Triangular nanoparticles made from gold could prove useful photothermal agents in cancer treatment because of their plasmonic properties. But synthesizing these materials typically requires harsh conditions. Now researchers from Tokyo Institute of Technology in Japan, University of Leeds in the UK, and Chung-Ang University in Korea have shown that biological molecules known as peptides can be used to synthesize nanoplates under mild conditions [Tanaka et al., Acta Biomaterialia 131 (2021) 519-531, https://doi.org/10.1016/j.actbio.2021.06.010].
“We have developed a technique for preparing triangular gold nanoplates,” explains Masayoshi Tanaka. “In the one-pot synthetic process, a gold salt, HAuCl4, is mixed with a peptide named B3 at room temperature.”
Gold nanoparticles, especially nanorods, nanoshells and nanoplates, absorb strongly in the near-infrared (NIR) region of the spectrum, generating localized heat. Since NIR light can pass readily through tissue, and gold is both stable and non-toxic, these nanostructures are very promising for cancer photothermal therapy, where localized heating is used to kill tumor cells. However, current synthesis routes for these structures, including nanoplates, rely on highly toxic surfactants to control the morphology, which must be removed before use.
“In this study, we investigated much milder conditions conducive to synthesizing triangular gold nanoplates using our B3 peptide,” says Tanaka. “All reagents are combined in a single reaction vessel in a so-called ‘one-pot’ synthesis.

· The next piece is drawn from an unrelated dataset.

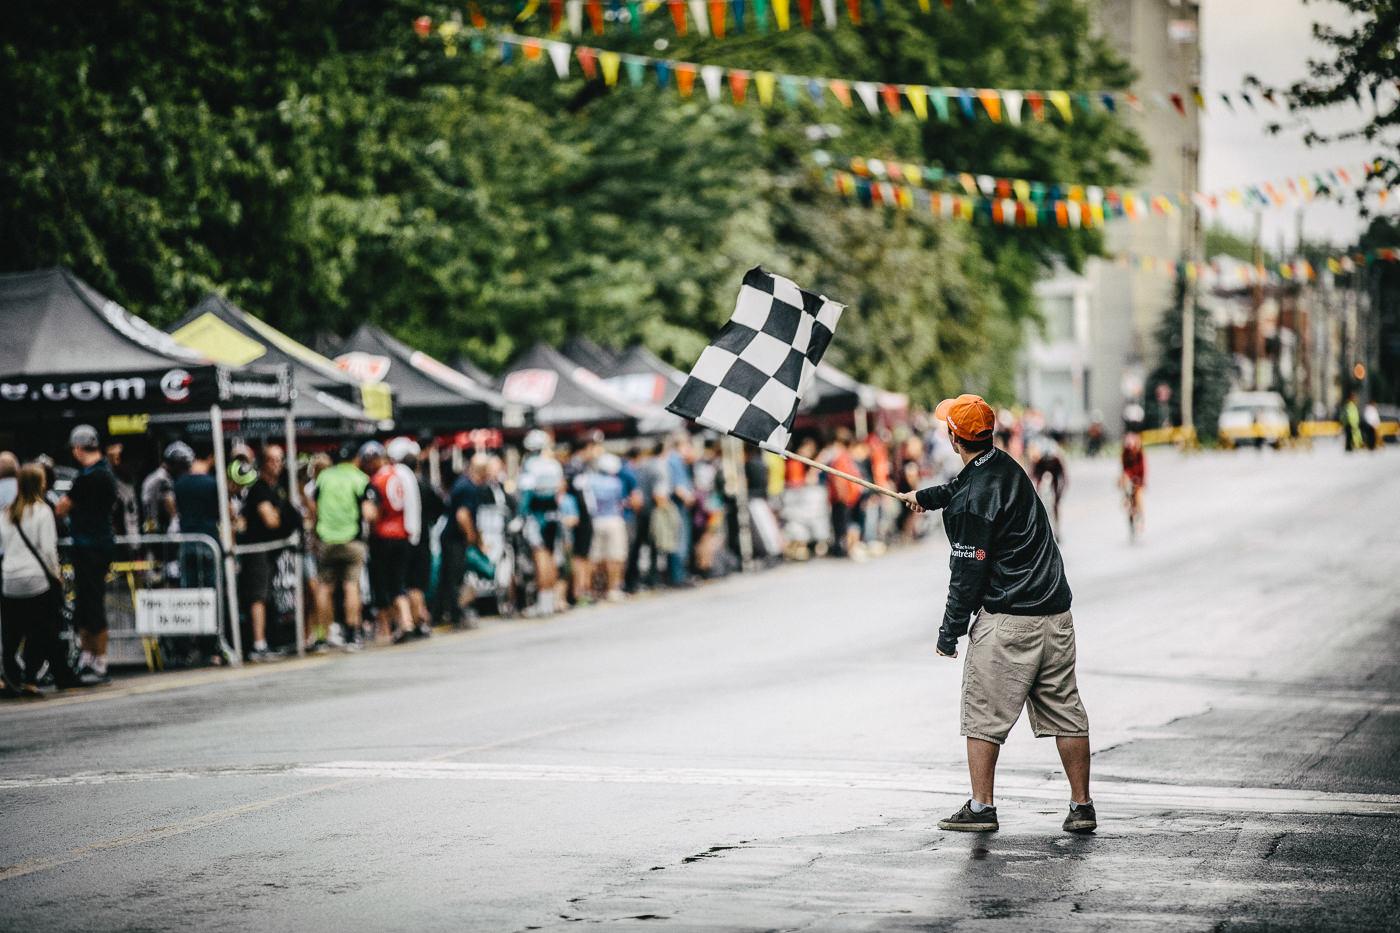 photo événement course vélo opus mardi lachine

The researchers screened many potential peptides showing catalytic behavior for the synthesis of gold nanoparticles before settling on the B3 peptide. The resulting simple process, which is carried out in a buffer solution at neutral pH, produces triangular and circular gold nanoplates with different levels of NIR absorption, depending on the peptide concentration.
“This synthesis route is a simpler, safer and more eco-friendly protocol for gold nanoplate synthesis. We believe that this approach could also be used to produce other nanomaterials,” adds Tanaka.
Currently, however, the yield of the process is low and a relatively large size distribution of nanoplates is produced (from around 40 nm to over 90 nm). Although this is problematic for applications, the researchers believe that better understanding of the process will bring improved morphological control.
But the approach can isolate peptide sequences for the synthesis of various other types of functional nanomaterial or particle as well. The team has already isolated some peptides for the synthesis of silver nanoparticles and the magnetic alloy, CoPt [Tanaka et al., Int. J. Mol. Sci. 21 (2020) 2377, https://doi.org/10.3390/ijms21072377; Jarrald et al., Bioconjugate Chem. 31 (2020) 1981, https://doi.org/10.1021/acs.bioconjchem.0c00348] and are confident that there could be more.
Schematic of the one-pot synthesis of gold nanoplates, for cancer photothermal therapy, using peptides at room temperature.